Comment ? Grâce à la technologie Device-to-Device (D2D) qui permet à 2 équipements de communiquer entre eux, sans passer par l’antenne-relais (également appelée station de base). Cette technologie existe déjà pour le réseau 4G et a été développée au départ pour les autorités de sécurité publique (police, pompiers, ambulances) et leur permettre de remplacer leur vieux système de communication TETRA (pour Terrestrial Trunked Radio), comparable au système de communication entre talkie-walkies. Les spécificités techniques de la technologie D2D 4G ne permettent cependant pas de l’utiliser telle quelle pour un réseau d’objets connectés contraints en coût et en consommation d’énergie : les protocoles mis en jeu sont trop complexes et énergivores pour être implémentés dans un équipement IoT. C’est pourquoi la Recherche d’Orange s’est penchée sur le développement d’un mécanisme D2D dédié aux réseaux cellulaires d’objets connectés et mettant à profit le nombre considérable de téléphones portables : il s’agit ici de tirer parti de la communication rendue possible entre un objet connecté et un téléphone portable. Ce dernier peut alors servir de relais et transférer le message de l’objet connecté à la station de base. On parle alors de mécanisme de relayage D2D.

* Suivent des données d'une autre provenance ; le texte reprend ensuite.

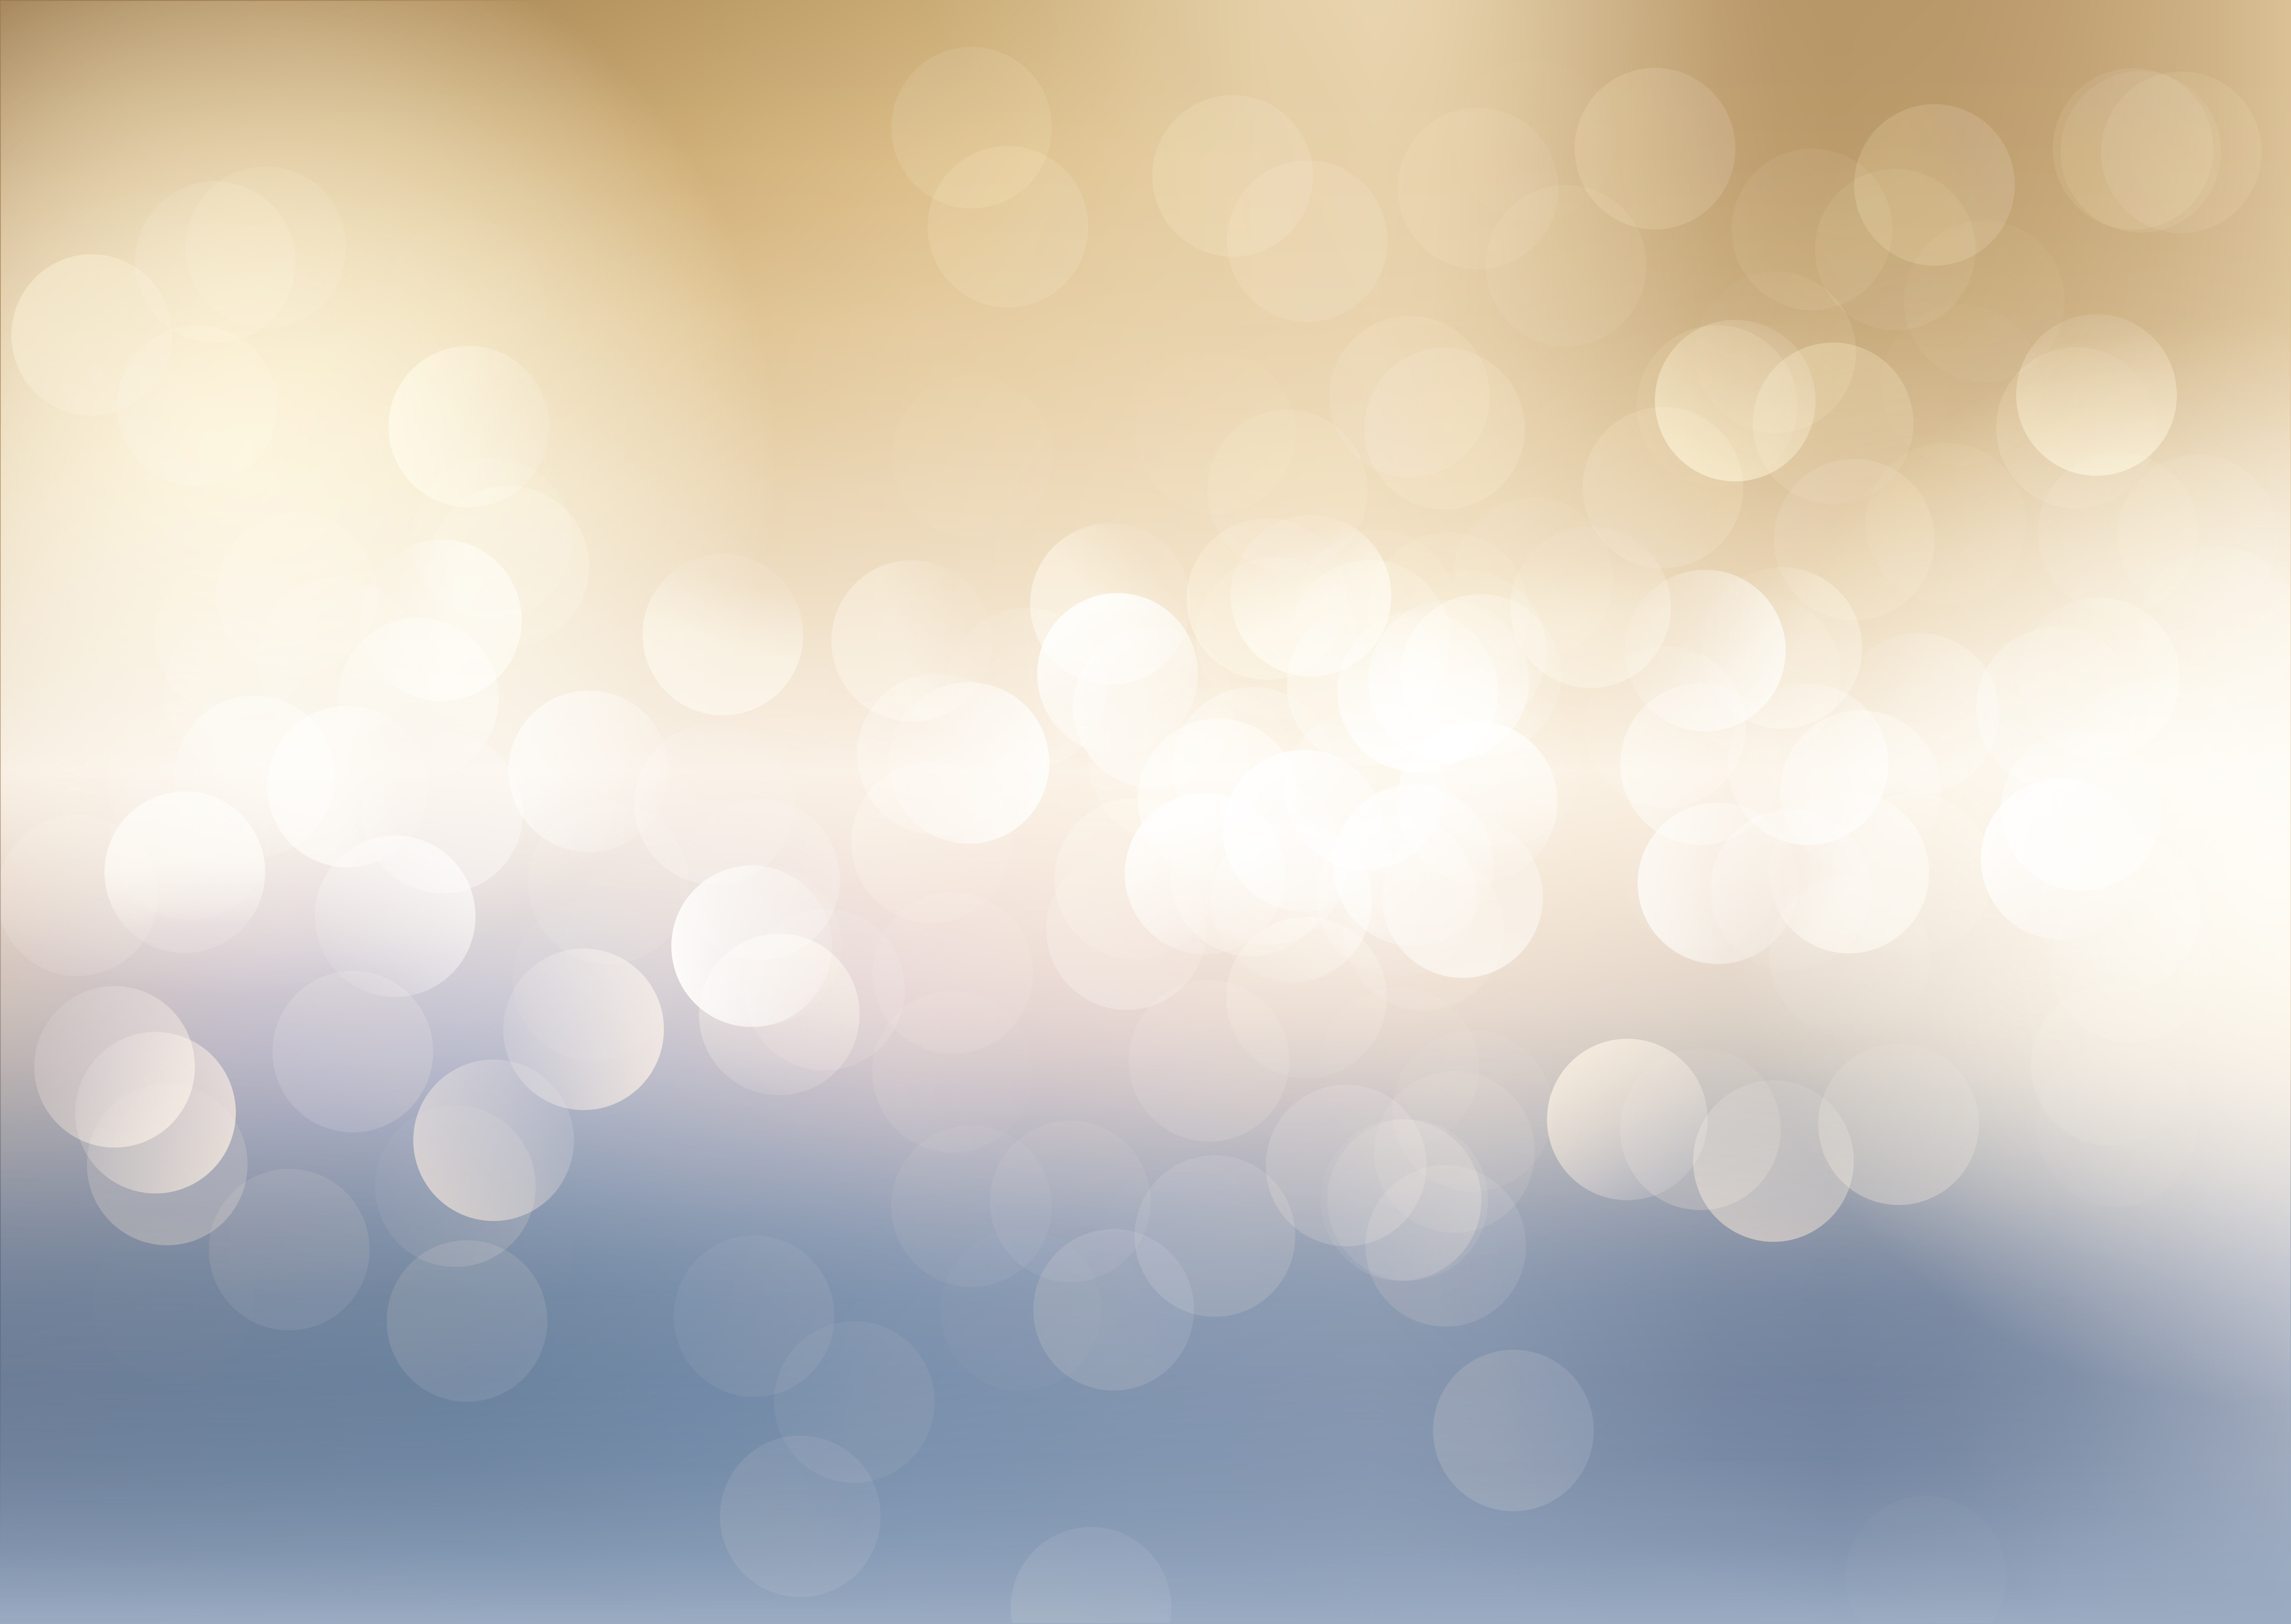 Blue and Gold Bokeh Lights Background 833799 Download Free Vectors

Deux scénarios d’intérêt pour le relayage D2D
Figure 1 : Deux scénarios de relayage D2D
Deux scenarios de relayage peuvent être envisagés, celui qui servira à relayer les données d’un objet connecté (appelé MTD pour Machine Type Device sur la Figure 1) situé dans une zone mal couverte (scénario 1) et celui qui servira tout simplement à transmettre ces données car l’objet n’est pas connecté à la station de base (scenario 2). Dans le premier scénario, l’intérêt principal du relayage D2D est de réduire la consommation d’énergie et de permettre à l’équipement de durer plus longtemps sur batterie. En effet, plus un équipement est loin de la station de base et plus il devra parler fort et longtemps pour être entendu et donc consommera de l’énergie. Avec le relayage, c’est comme si on rapprochait la station de base et on diminue de fait l’énergie consommée pendant la transmission de données. Dans le deuxième scenario, on parvient à connecter un objet qui, au départ, ne l’était pas !
Cela peut paraitre simple, mais ça ne l’est pas tant que ça, surtout quand la contrainte “faible complexité et faible coût” de l’équipement communicant rentre en jeu.
On peut distinguer deux phases dans un schéma de relayage D2D : une phase de découverte des voisins qui constituent de potentiels relais et une phase de communication. L’objectif est bien évidemment de réduire la consommation d’énergie dans les deux phases. Le protocole permettant de découvrir les relais potentiels se doit alors d’être le plus simple possible et le moins coûteux en énergie.
Un protocole de découverte des relais potentiels simple à implémenter et peu coûteux en énergie pour l’équipement communicant
Pour répondre à ce défi, nous avons tiré parti d’un protocole existant et nous l’avons adapté à nos besoins. Ce protocole s’appelle RTS/CTS pour Ready-To-Send/Clear-To-Send. Notre protocole adapté de RTS/CTS est illustré Figure 2. L’objet connecté délimite une zone de recherche. Cette zone doit être un compromis entre une grande zone de recherche où il y aurait trop de relais potentiels qui nous feraient perdre un temps fou et surtout gaspiller de la batterie pour trouver le bon, et une petite zone où, là par contre, les chances de trouver un relais vont être très faibles. Sur notre exemple Figure 2, cinq téléphones peuvent servir de relais dans la zone de recherche de l’objet connecté.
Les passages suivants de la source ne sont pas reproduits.